Material supplied

● ● ● ● ● ● ●

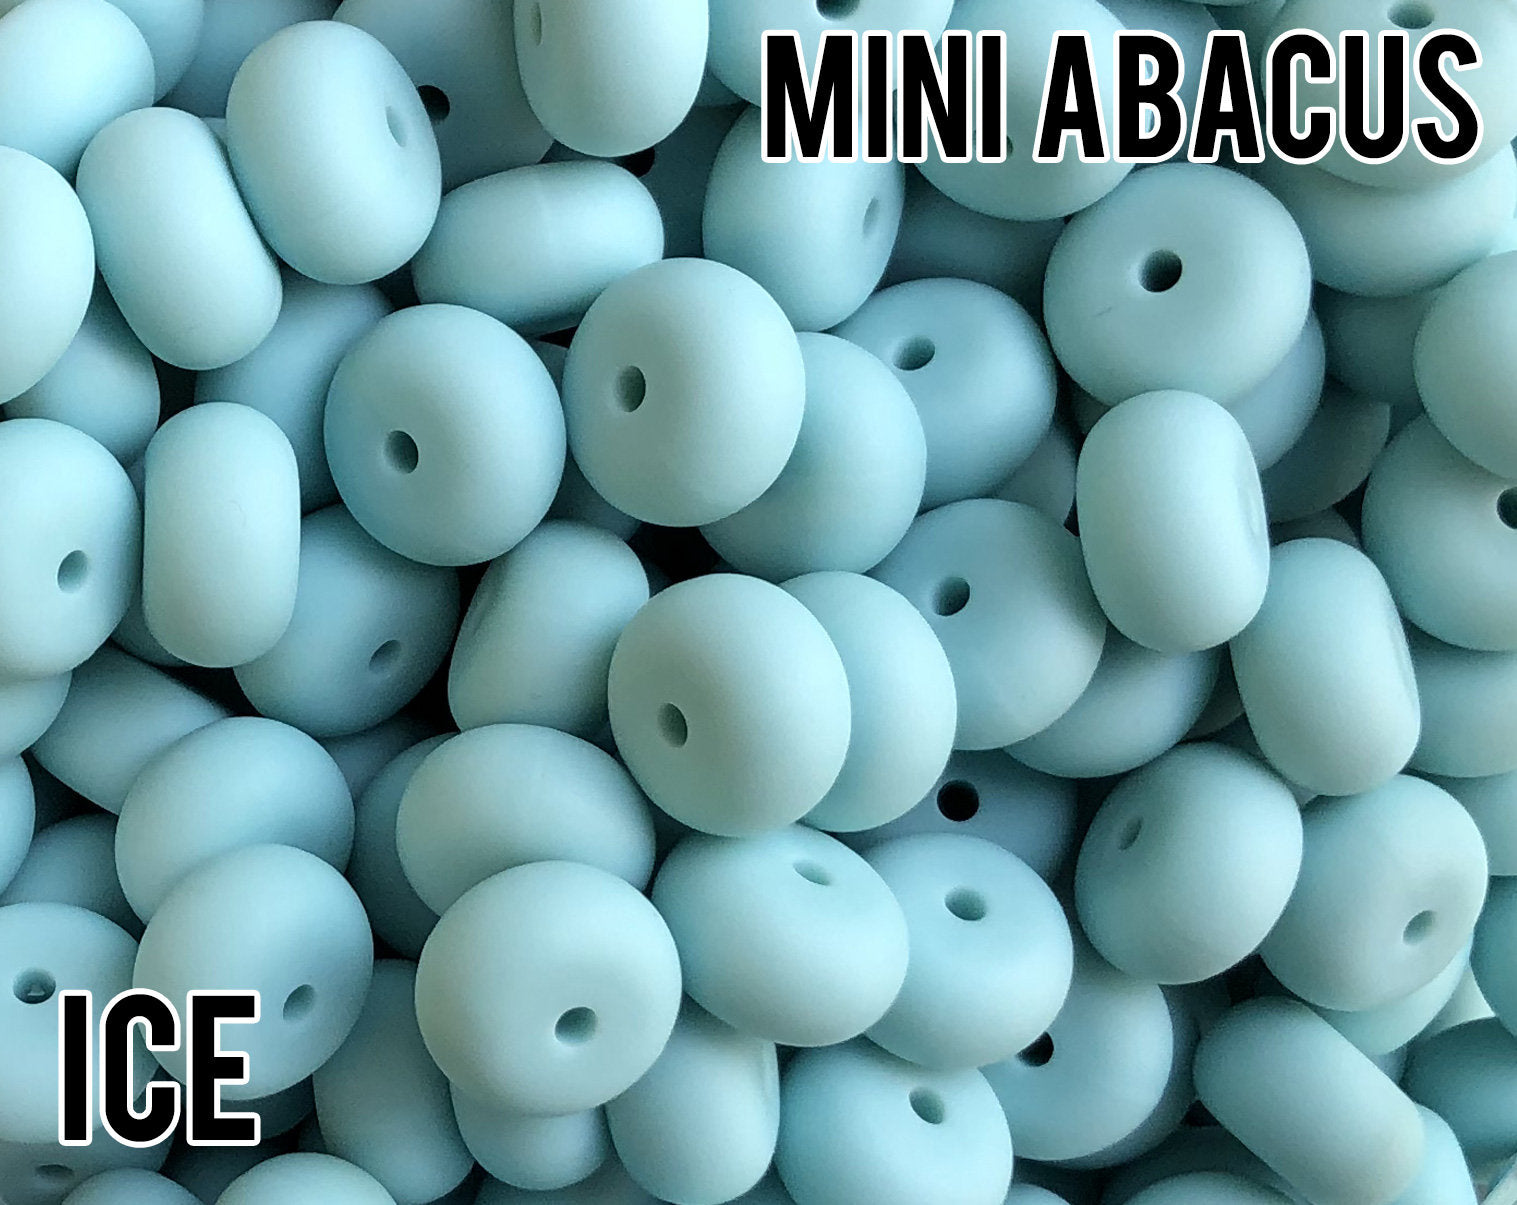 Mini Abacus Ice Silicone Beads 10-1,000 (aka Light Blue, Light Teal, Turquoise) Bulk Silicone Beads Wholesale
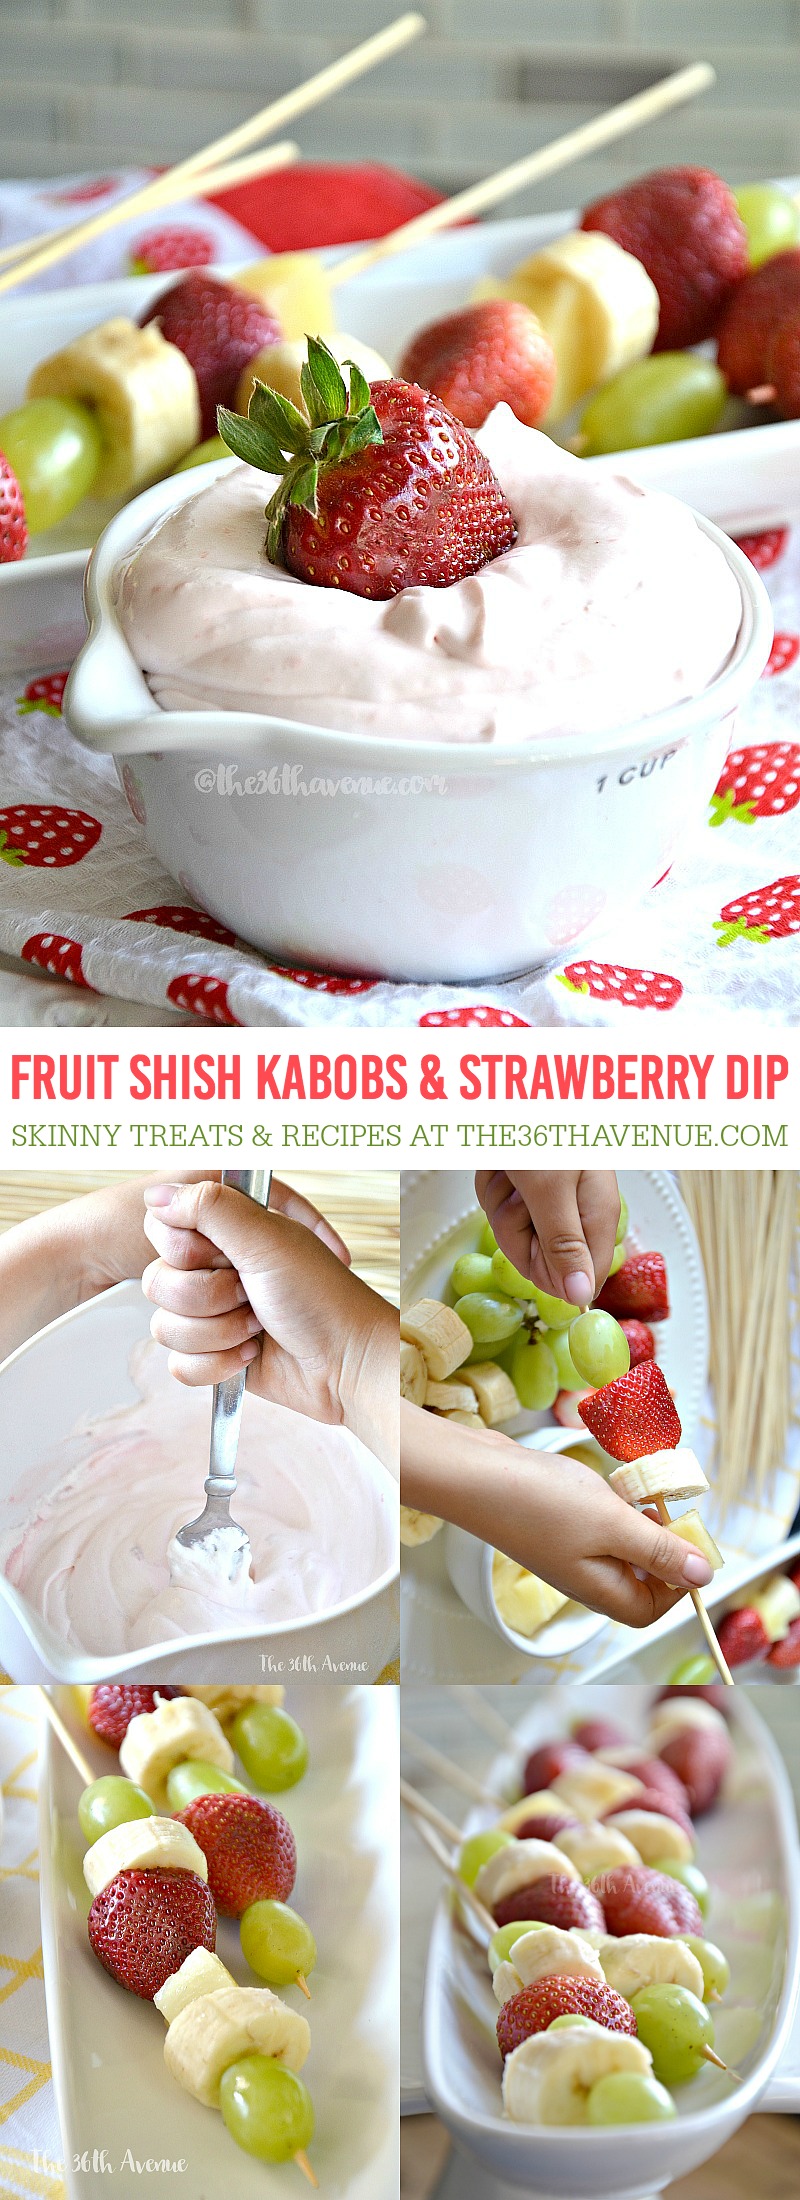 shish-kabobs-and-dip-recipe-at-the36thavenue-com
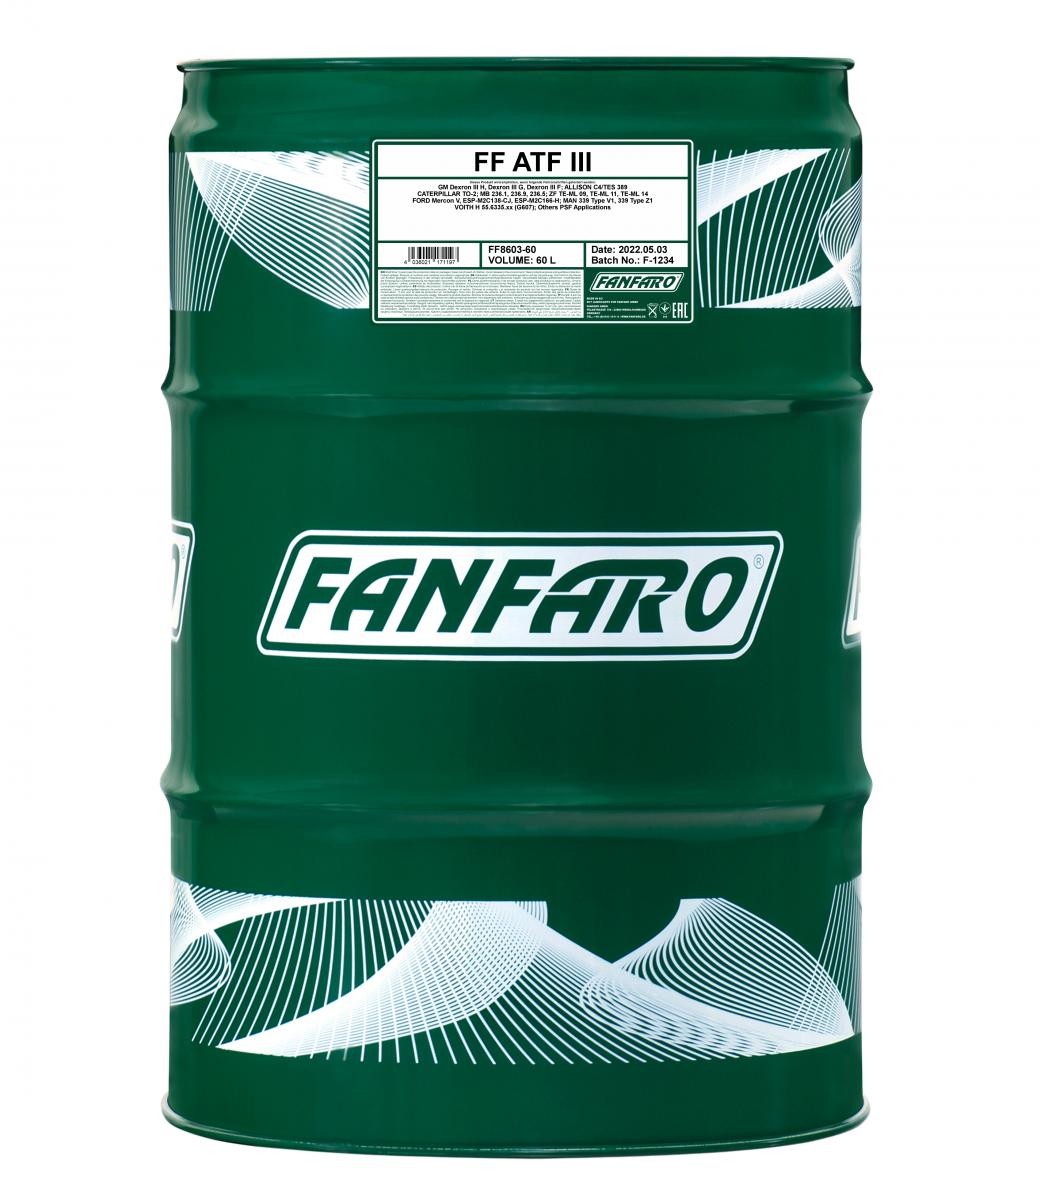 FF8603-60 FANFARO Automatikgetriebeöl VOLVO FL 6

● ● ● ● ● ● ●

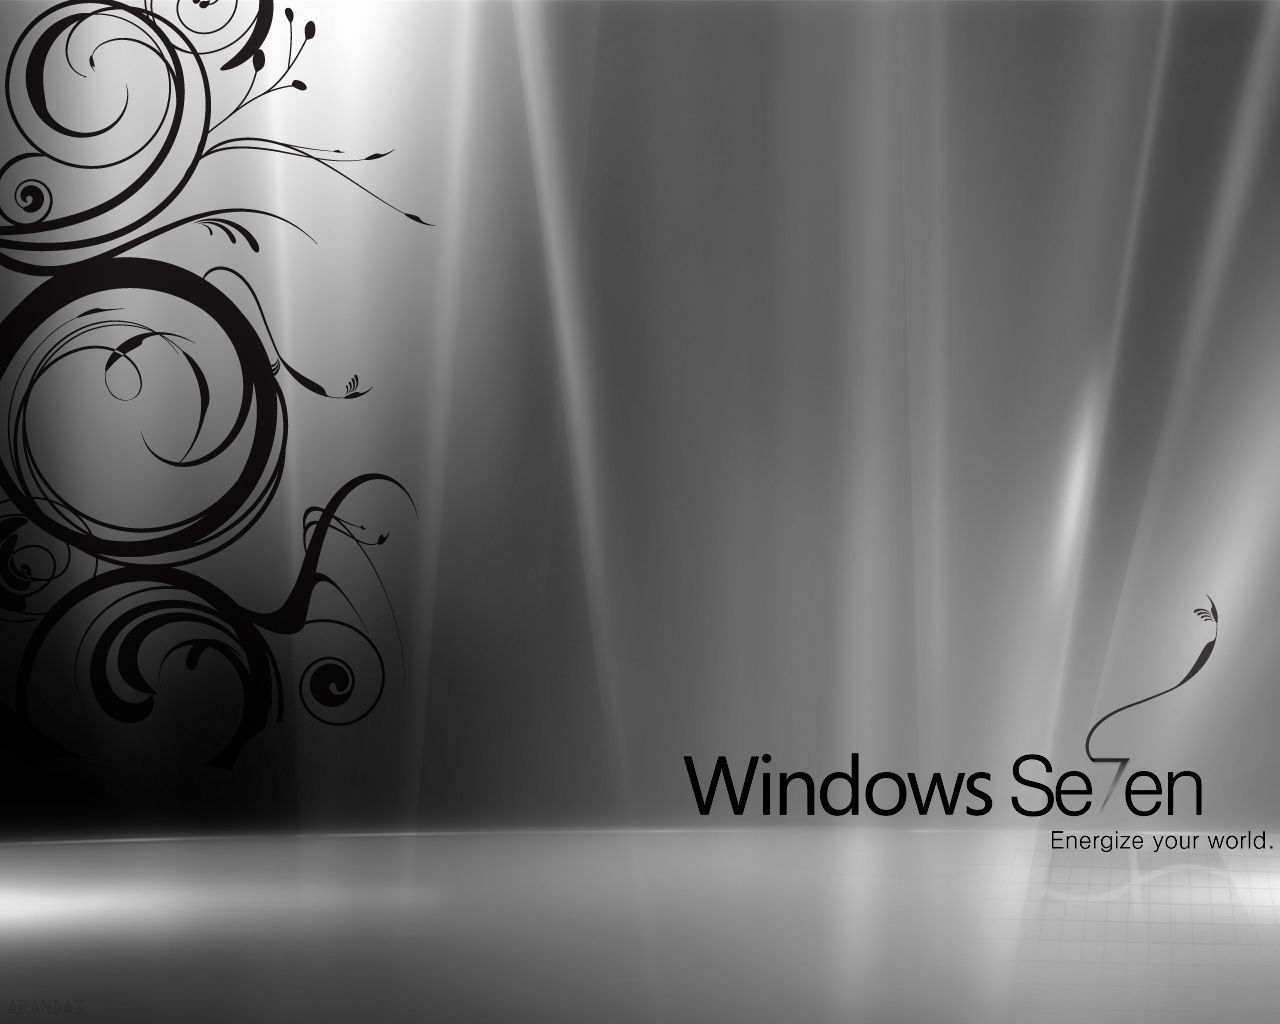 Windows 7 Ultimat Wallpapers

● ● ● ● ● ● ●

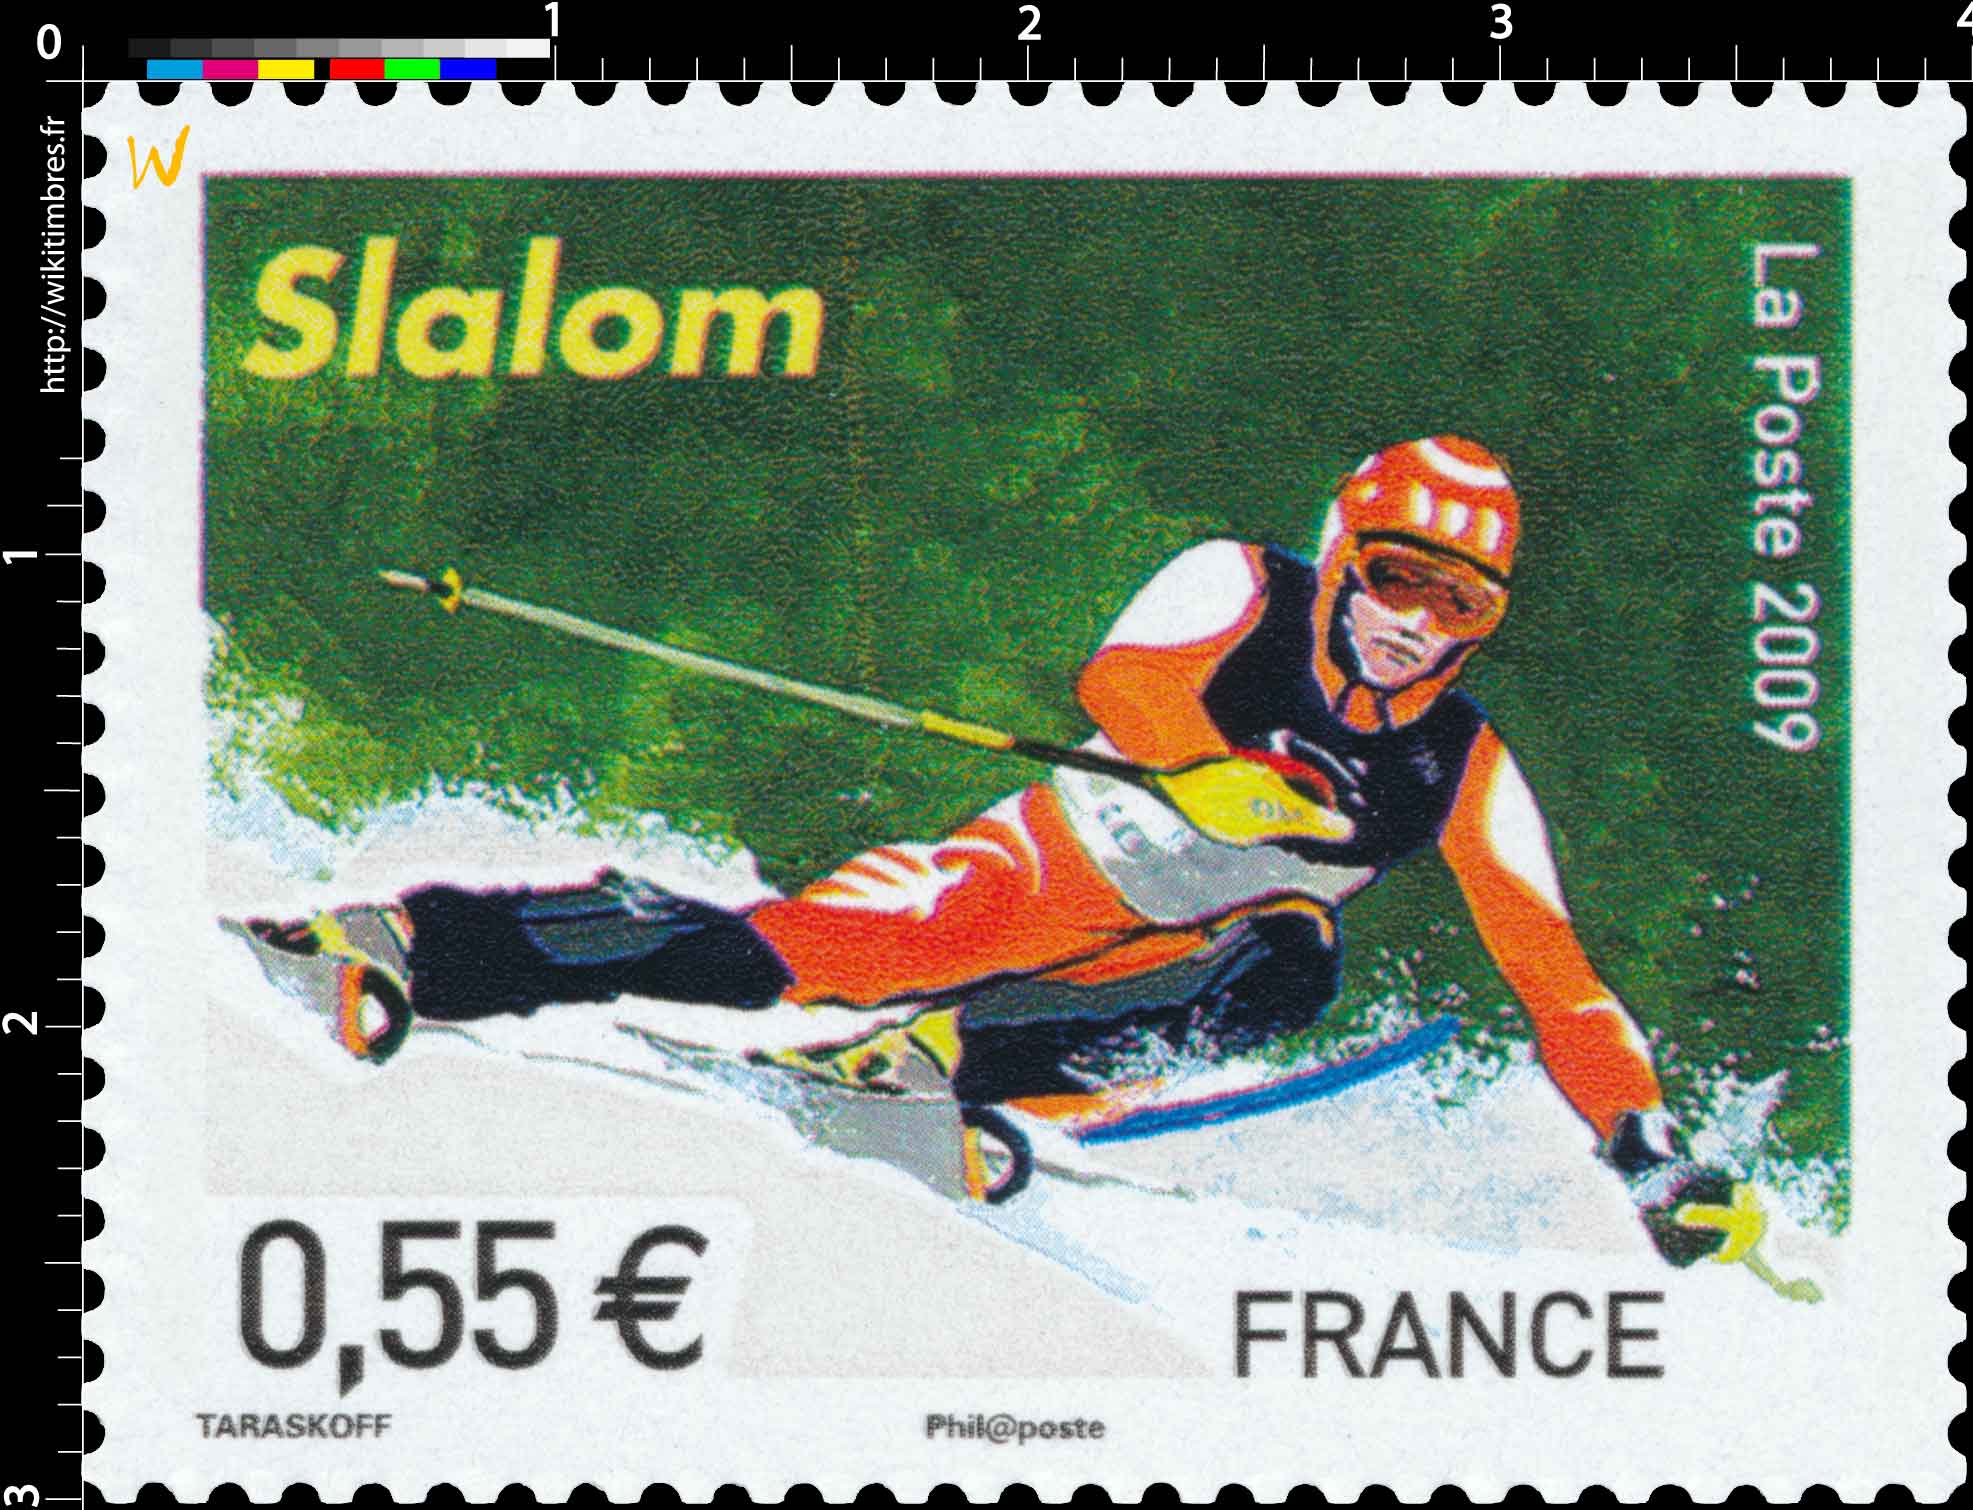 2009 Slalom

● ● ● ● ● ● ●

Above are the records; return the lines in them from the one with "shish-kabobs-and-dip-recipe-at-the36thavenue-com" to the one with "FF8603-60 FANFARO Automatikgetriebeöl", inclusive, exactly and without images.

Task result
 shish-kabobs-and-dip-recipe-at-the36thavenue-com
 FF8603-60 FANFARO Automatikgetriebeöl VOLVO FL 6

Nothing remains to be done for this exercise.